The abandonment of the equipment was also confirmed by In Country Projects Manager Anthony Jackson during a public scoping exercise held at the Umana Yana recently.
Jackson in response to enquiries on the decommissioning aspect of the project sought to justify this position by pointing to the fact that in some countries, it has been found that marine life by the end of these projects would assimilate into the environment, and such removing the equipment could do more harm than good.
He told those in attendance that what has been observed over the years is that by the time a project comes to the end of its life, marine life such as barnacles and corals would have already attached themselves to the equipment, and as such ripping them off the seafloor could cause more damage to the environment.
Decommissioning is a normal and planned petroleum activity and generally involves the plugging and permanently closing off wells, the safe removal of equipment, infrastructure and property and importantly restoration of the environment at the end of the life of a project, in this case (Urau) 25 years.
The expectation is that the subsea umbilicals, risers, and flowlines are commonly referred to as SURF components “will be detached from the FPSO and abandoned-in-place on the sea floor.”
According to ExxonMobil, this will be done in consistence with “industry best practices at the time of decommissioning.”
The FPSO, EEPGL said, “is expected to be towed away, and the FPSO mooring system will be disconnected and abandoned on the sea floor—consistent with standard industry practice.”
Pressed on the vague language being used in the documents that leaves a vacuum of information for public consumption, Jackson noted that this was done in a deliberate fashion.
According to Jackson, this is the case since, at present there are numerous uncertainties and unknown factors in order to present details with more specificity.
He reminded too that the decommissioning plans are yet to be developed.
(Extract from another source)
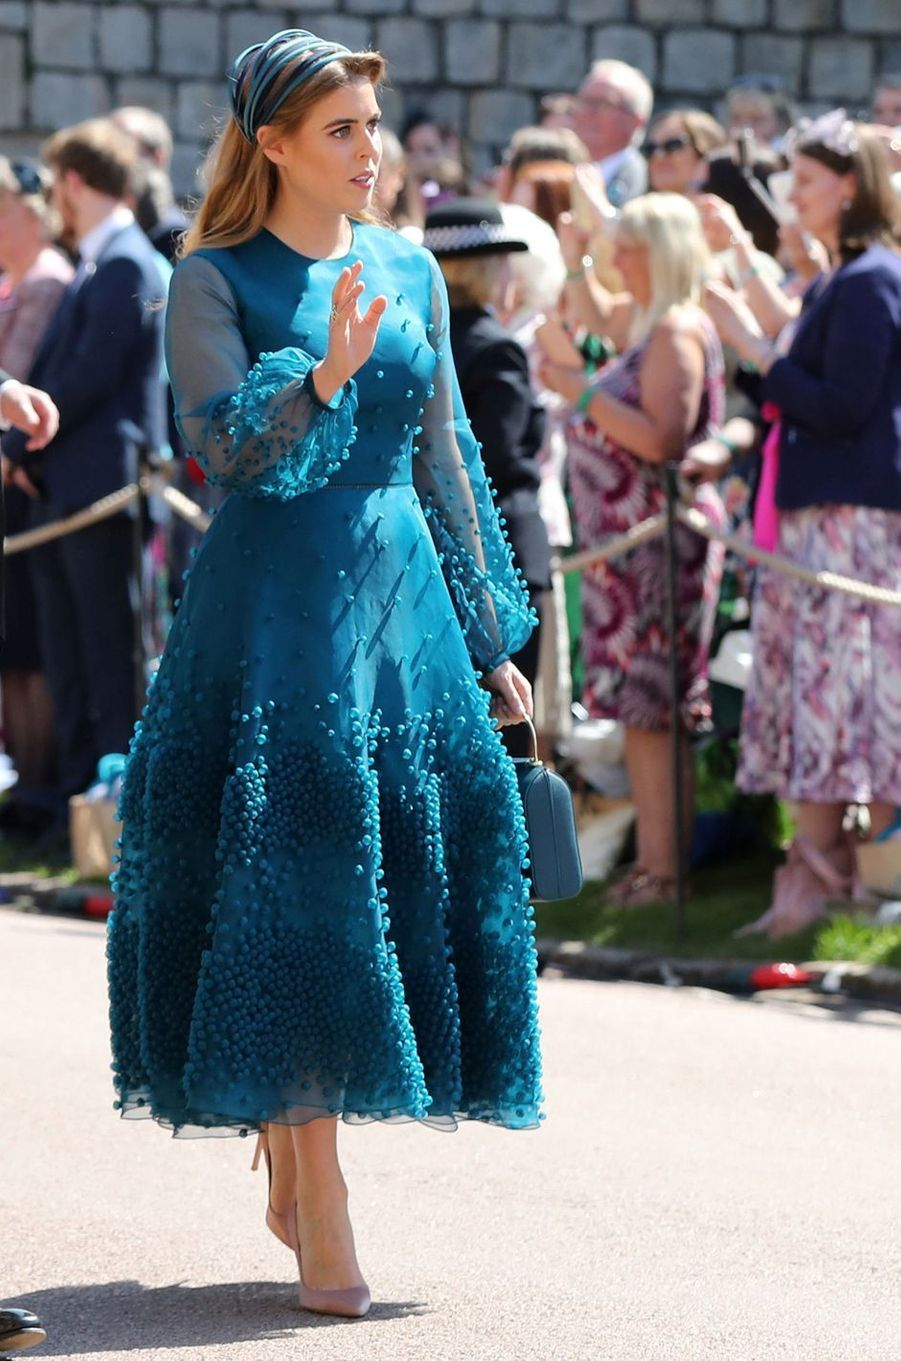 La princesse Beatrice d'York en Roksanda, le 19 mai 2018

When asked to provide what informs what amount is being deducted from Cost Oil for Decommissioning, Jackson was unable to provide a definitive answer.
He further contended that he was unable to, at the time, provide an equation that determines the amount of money to be deducted for the purpose of decommissioning.
Under the Production Sharing Agreement that has been guiding the operations of ExxonMobil since 2016, the company would have already begun deducting money from its operations for the decommissioning activities from the oil being produced.
Environmentalist and International Attorney at Law, Melinda Janki in December last, had lamented the arrangement.
She had noted in a public missive that at the end of production, the oil wells must be decommissioned i.e. permanently shut down and securely capped so they do not leak and pollute the Atlantic Ocean.
She had noted that a financial report by the global think tank IEEFA shows that by 2024, Esso will have deducted US$227M for decommissioning in Liza 1 alone.
“Obviously, Esso will keep on taking out decommissioning money for as long as it can.”
She had also noted that there is no guarantee that Esso will produce this decommissioning money when the wells have to be shut down.
“There isn’t even any guarantee that Esso will exist at decommissioning. The oil industry is known for leaving host countries to clean up its mess. ExxonMobil could wind up Esso and walk away, leaving Guyana to pay for decommissioning.”
The wells are ultra-deep and very dangerous and decommissioning is expensive, she reminded.
Those concerns had been raised at a time when Exxon was producing from the Liza I project.
ExxonMobil Guyana recently commenced public consultations having submitted an application for environmental authorisation for its fifth development in the Stabroek Block its Urau-1 field development.